Reproduce every line of the data, exactly and without its pictures.

▶ _DATA EXTRACT_:
═══

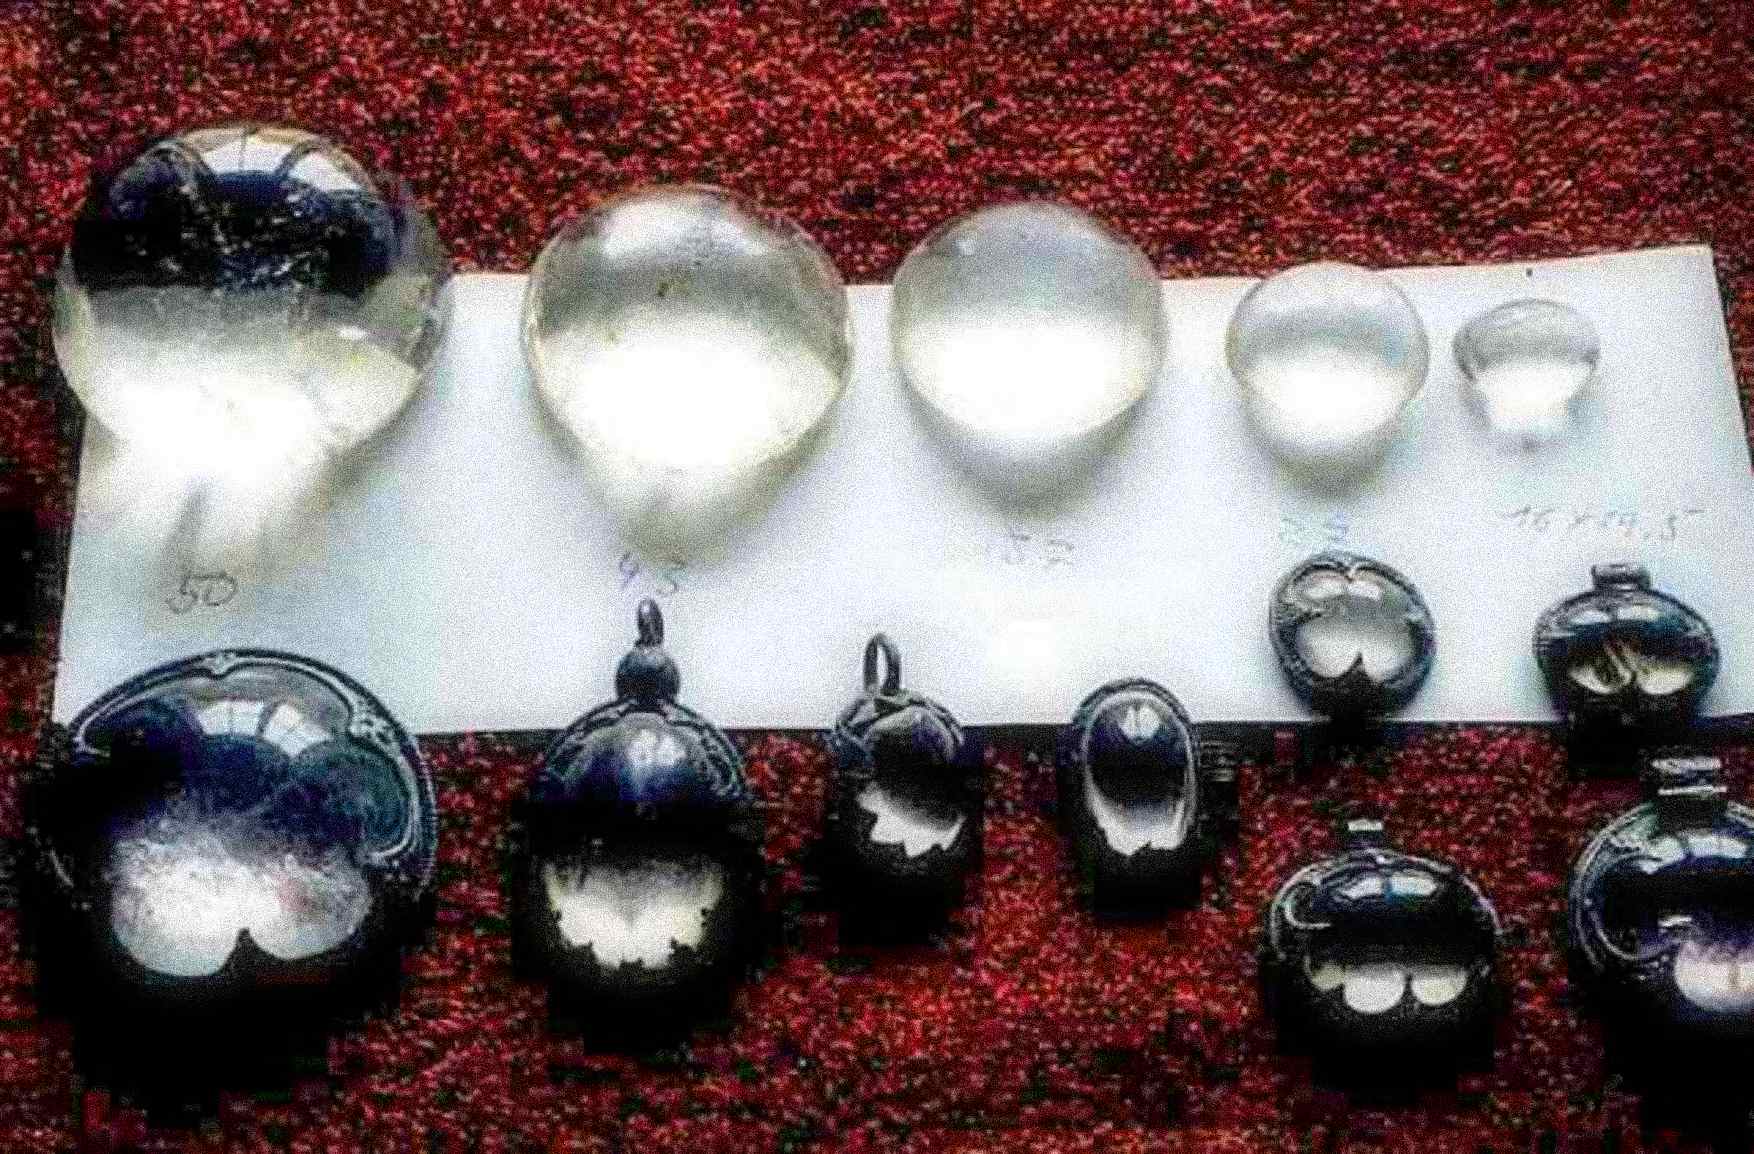 The lenses examined in Visby. Top row: unmounted lenses. Bottom row: mounted lenses, except the "ball". These lenses were initially thought to be ornaments.
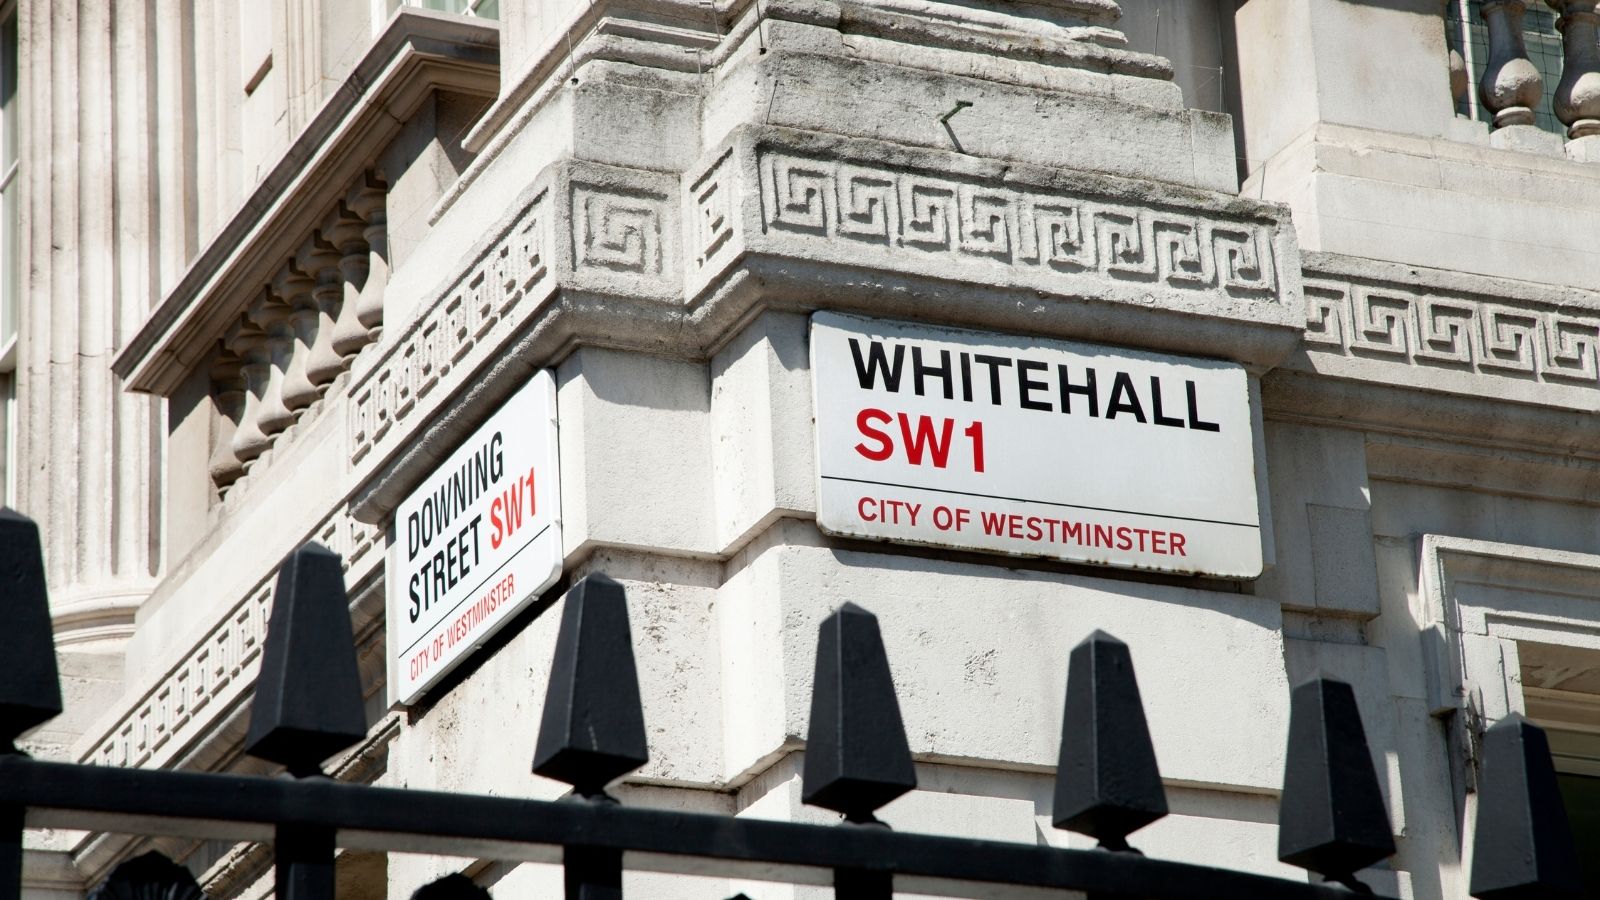 Photo showing Road Signs for Whitehall and Downing Street
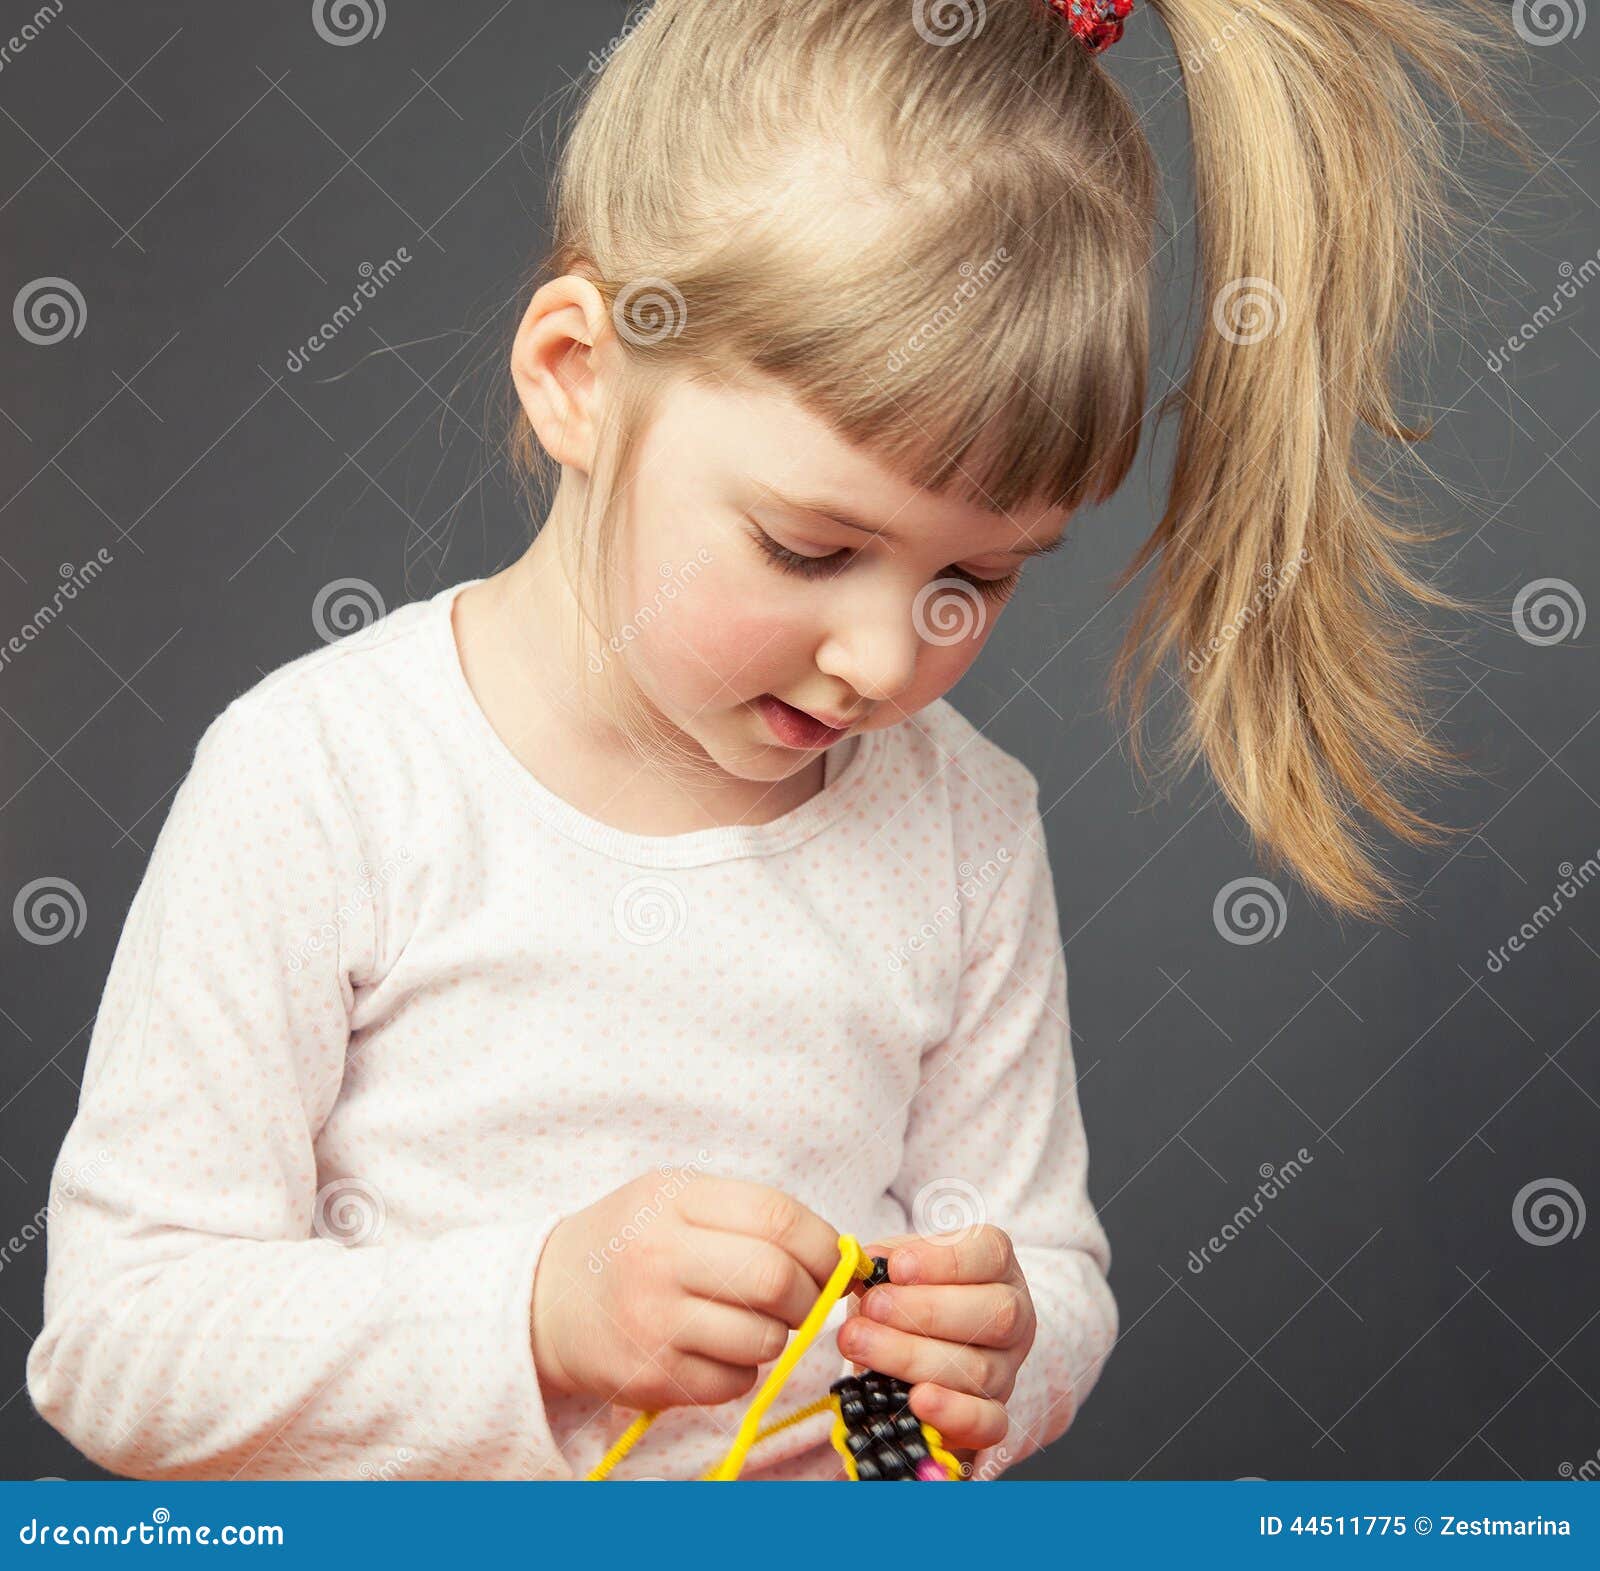 Pretty Little Girl Threading Beads on an Yellow Wire Stock Image ...

═══

▶ _EXPECTED ANSWER_:
 The lenses examined in Visby. Top row: unmounted lenses. Bottom row: mounted lenses, except the "ball". These lenses were initially thought to be ornaments.
 Photo showing Road Signs for Whitehall and Downing Street
 Pretty Little Girl Threading Beads on an Yellow Wire Stock Image ...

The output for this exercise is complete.